I’m currently relying on tune.Tuner to run my experiment on a machine that has 28 CPUs and 2 GPUs. Being that I’m not the only one who has access to this machine, I’d like to restrict my experiment to a single GPU.

Despite specifying with_resources(Trainer, {"cpu": 1, "gpu": 1}) both GPUs are used. The only way to avoid this is by setting os.environ["CUDA_VISIBLE_DEVICES"] = "1".

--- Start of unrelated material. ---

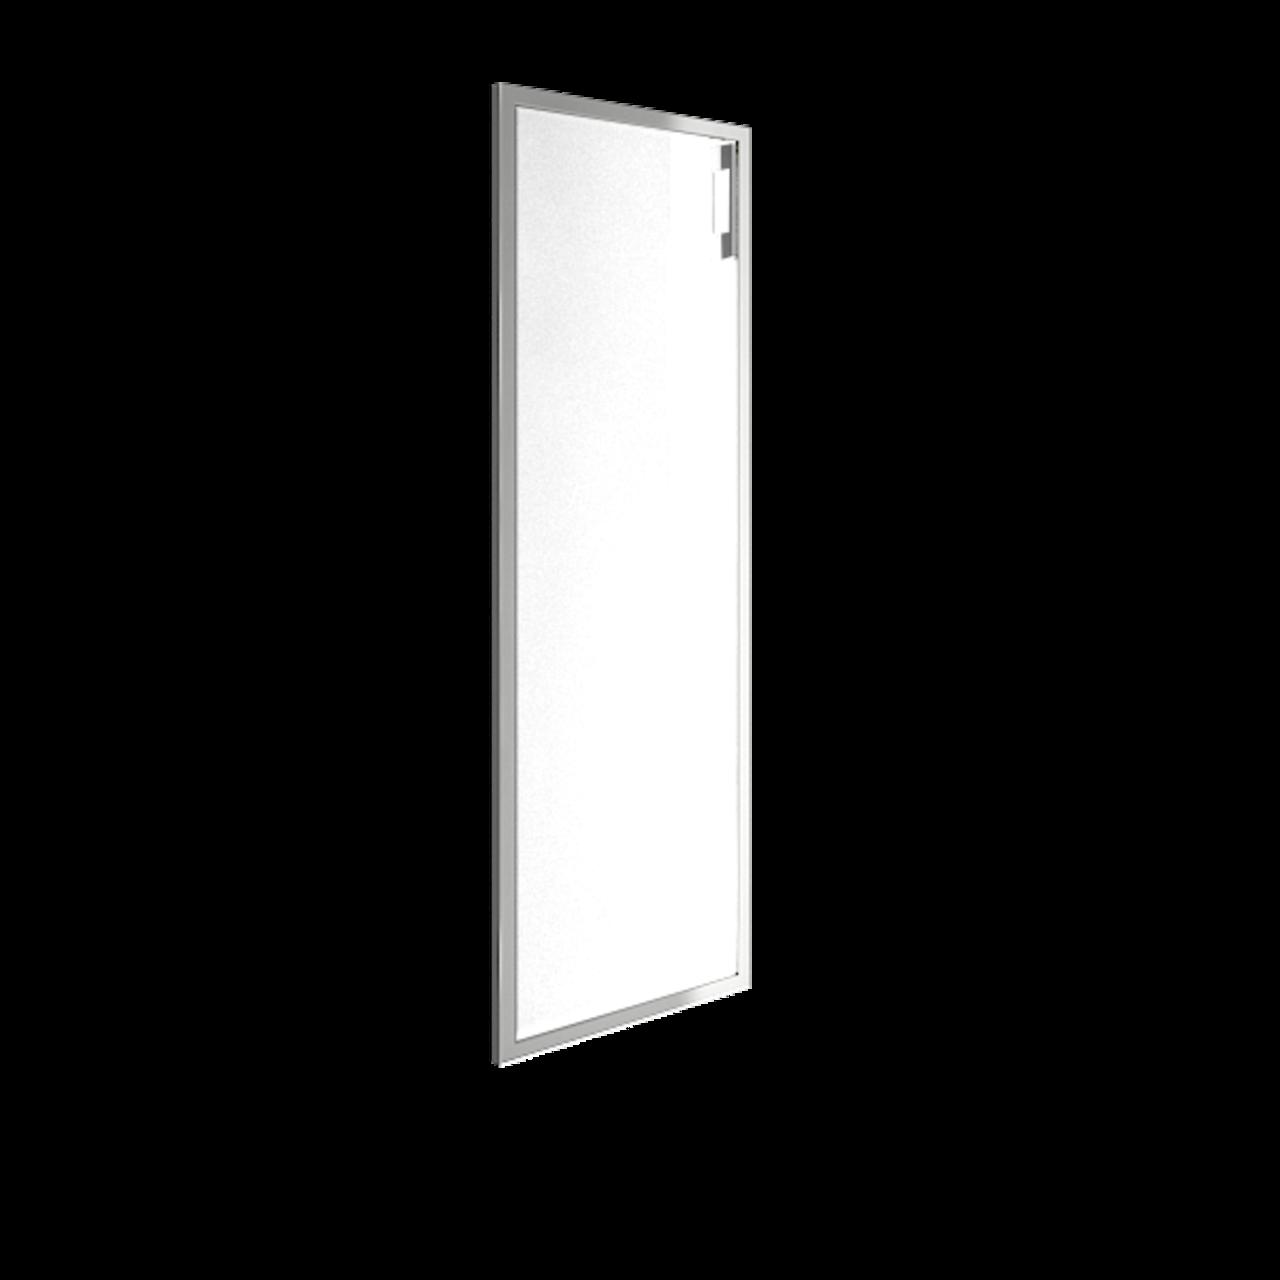 Дверь стекло в раме среднее Lacobel white левая - фото 1

Is there a way to achieve my goal without explicitly setting an environment variable myself? If I understand correctly, according to the documentation this should be taken care of by tune.with_resources:

To leverage GPUs, you must set gpu in tune.with_resources(trainable, resources_per_trial). This will automatically set CUDA_VISIBLE_DEVICES for each trial.

run_config = RunConfig(
    stop={"training_iteration": epochs},
    checkpoint_config=ck_config,
    name=f"{model_name}_{exp_details}",
    local_dir=str(Path(__file__).parent / "ray_checkpoints")
)

tuner = Tuner(
    trainable= with_resources(Trainer, {"cpu": 1, "gpu": 1}),
    run_config=run_config,
    tune_config=TuneConfig(mode="min", metric="val_loss", num_samples=5),
    param_space=configuration,
)

Hi @mtt,

tune.with_resources sets the resources per trial, and since you have 5 trials with 2 GPUs, Tune will schedule 2 trials at a time, each taking one of the GPUs.

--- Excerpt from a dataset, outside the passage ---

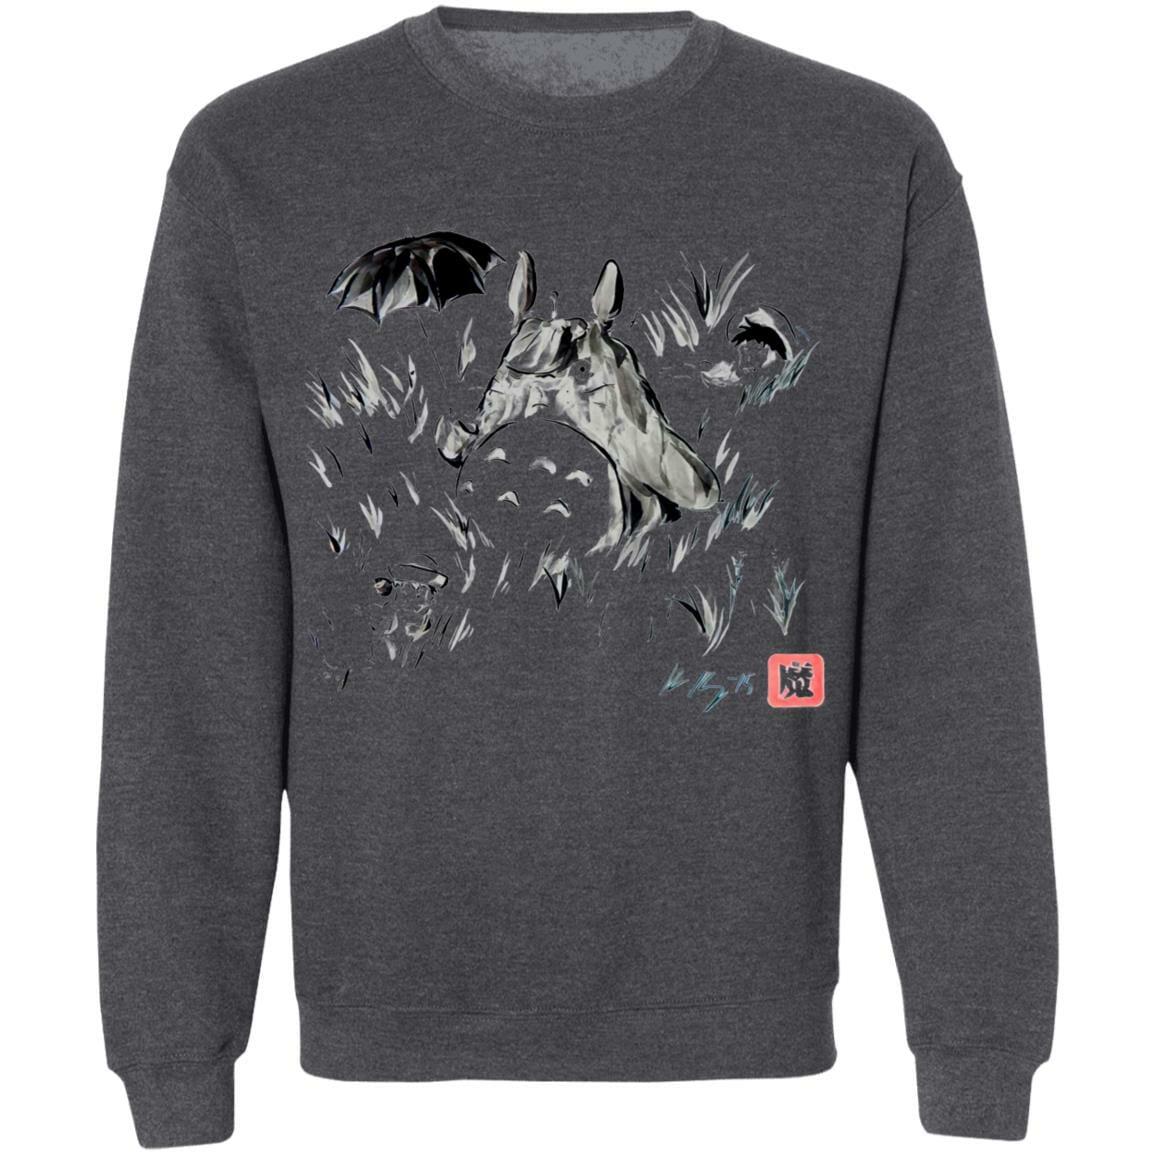 Totoro And The Girls Ink Painting Sweatshirt

You can specify fractional GPUs per trial, as well as limit concurrency so you never go above some GPU usage. For example, this will run 2 trials concurrently on 1 GPU.

tuner = Tuner(
+   trainable= with_resources(Trainer, {"cpu": 1, "gpu": 0.5}),
    run_config=run_config,
    tune_config=TuneConfig(
        mode="min",
        metric="val_loss",
        num_samples=5,
+       max_concurrent_trials=2,
    ),
    param_space=configuration,
)

See Ray Tune FAQ — Ray 2.3.0 for more info.